Letter
Nature 451, 809-813 (14 February 2008) | doi:10.1038/nature06601; Received 10 October 2007; Accepted 13 December 2007
There is a Corrigendum (15 January 2009) associated with this document.
Microfibre–nanowire hybrid structure for energy scavenging
Yong Qin1,2, Xudong Wang1,2 & Zhong Lin Wang1
- School of Materials Science and Engineering, Georgia Institute of Technology, Atlanta, Georgia 30332-0245, USA
- These authors contributed equally to this work.
Correspondence to: Zhong Lin Wang1 Correspondence and requests for materials should be addressed to Z.L.W. (Email: zlwang@gatech.edu).
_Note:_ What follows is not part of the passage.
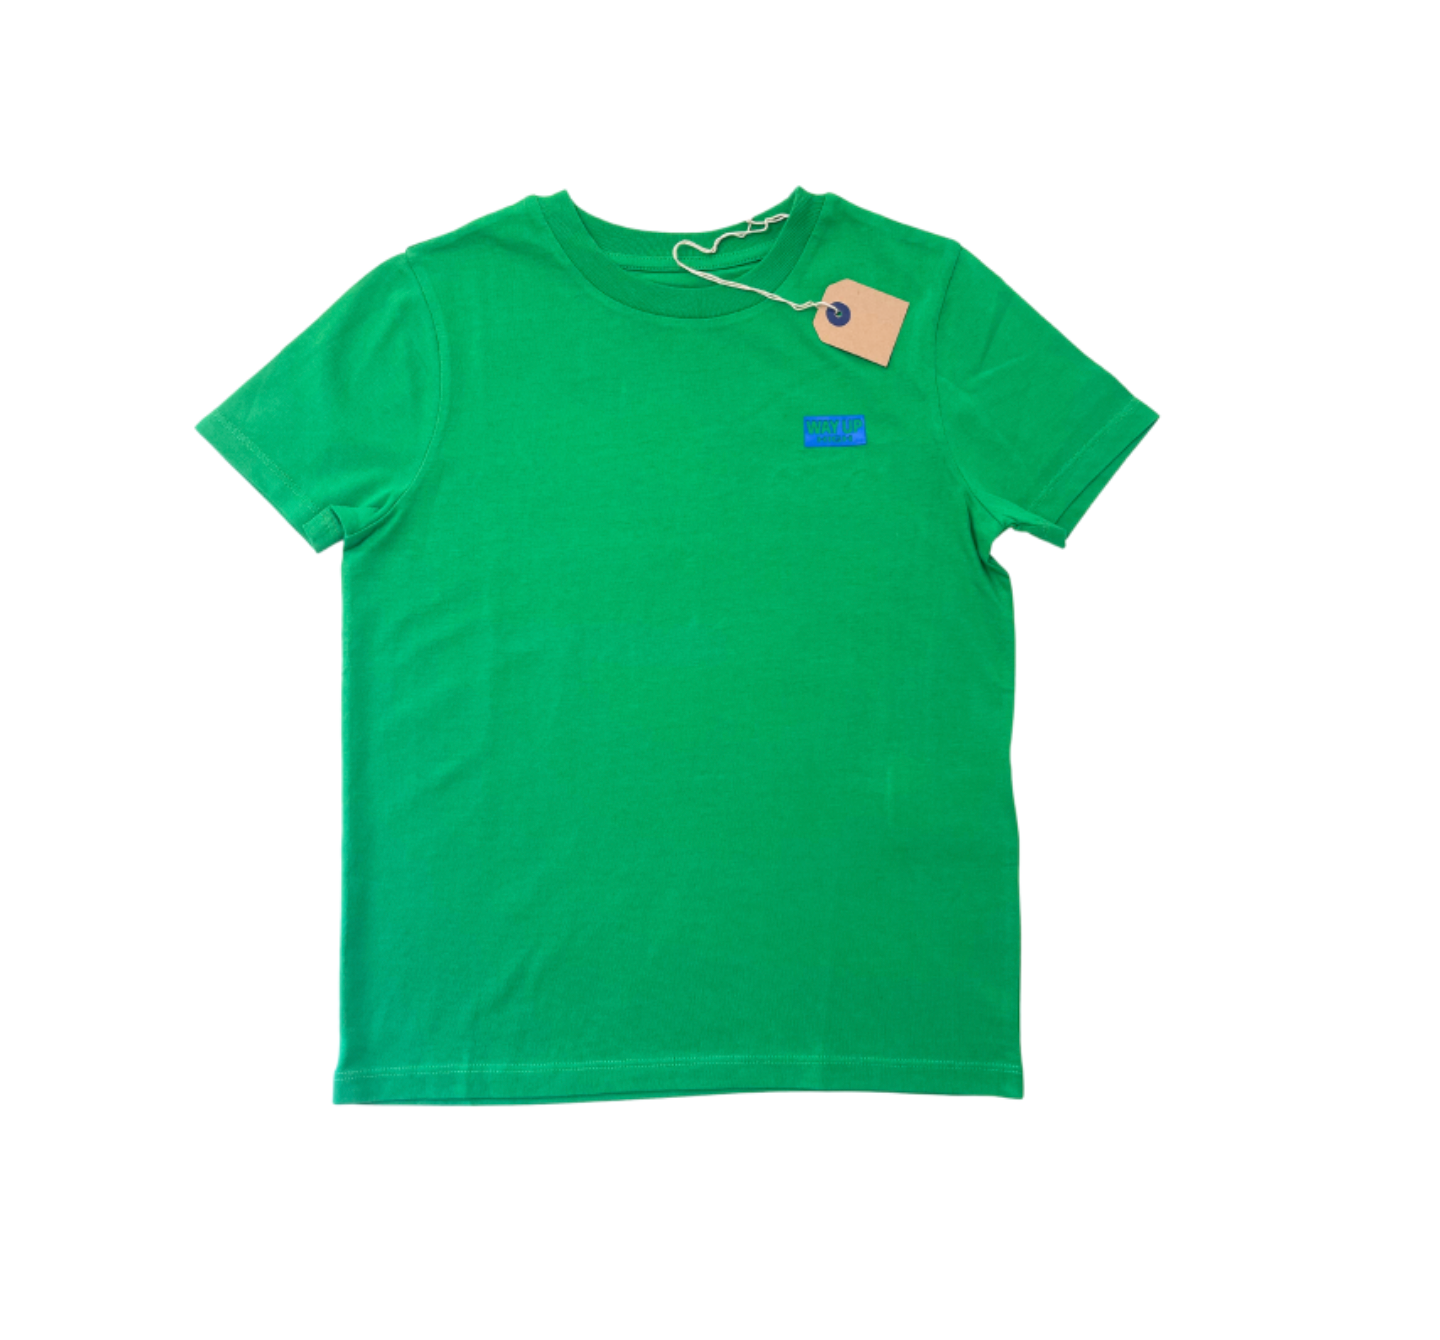 BELLEROSE - T-shirt Vert "Way up high" - 8 ans
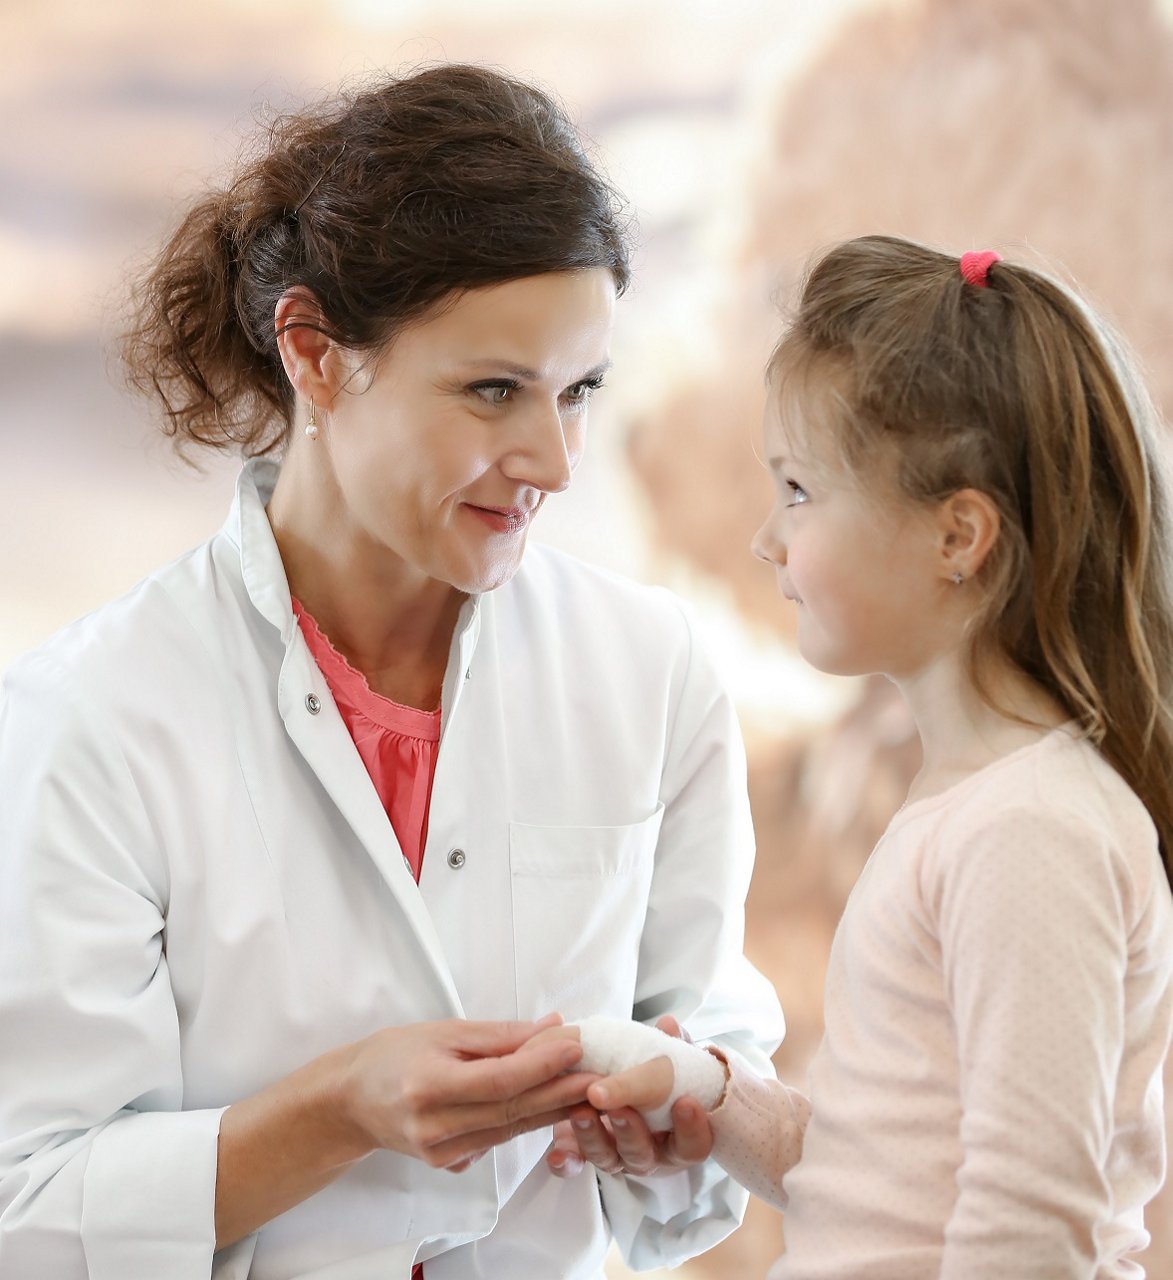 Ärztin spricht mit kleinem Mädchen, das einen Verband an der Hand hat

A self-powering nanosystem that harvests its operating energy from the environment is an attractive proposition for sensing, personal electronics and defence technologies1. This is in principle feasible for nanodevices owing to their extremely low power consumption2, 3, 4, 5. Solar, thermal and mechanical (wind, friction, body movement) energies are common and may be scavenged from the environment, but the type of energy source to be chosen has to be decided on the basis of specific applications. Military sensing/surveillance node placement, for example, may involve difficult-to-reach locations, may need to be hidden, and may be in environments that are dusty, rainy, dark and/or in deep forest. In a moving vehicle or aeroplane, harvesting energy from a rotating tyre or wind blowing on the body is a possible choice to power wireless devices implanted in the surface of the vehicle. Nanowire nanogenerators built on hard substrates were demonstrated for harvesting local mechanical energy produced by high-frequency ultrasonic waves6, 7. To harvest the energy from vibration or disturbance originating from footsteps, heartbeats, ambient noise and air flow, it is important to explore innovative technologies that work at low frequencies (such as <10 Hz) and that are based on flexible soft materials. Here we present a simple, low-cost approach that converts low-frequency vibration/friction energy into electricity using piezoelectric zinc oxide nanowires grown radially around textile fibres. By entangling two fibres and brushing the nanowires rooted on them with respect to each other, mechanical energy is converted into electricity owing to a coupled piezoelectric–semiconductor process8, 9. This work establishes a methodology for scavenging light-wind energy and body-movement energy using fabrics.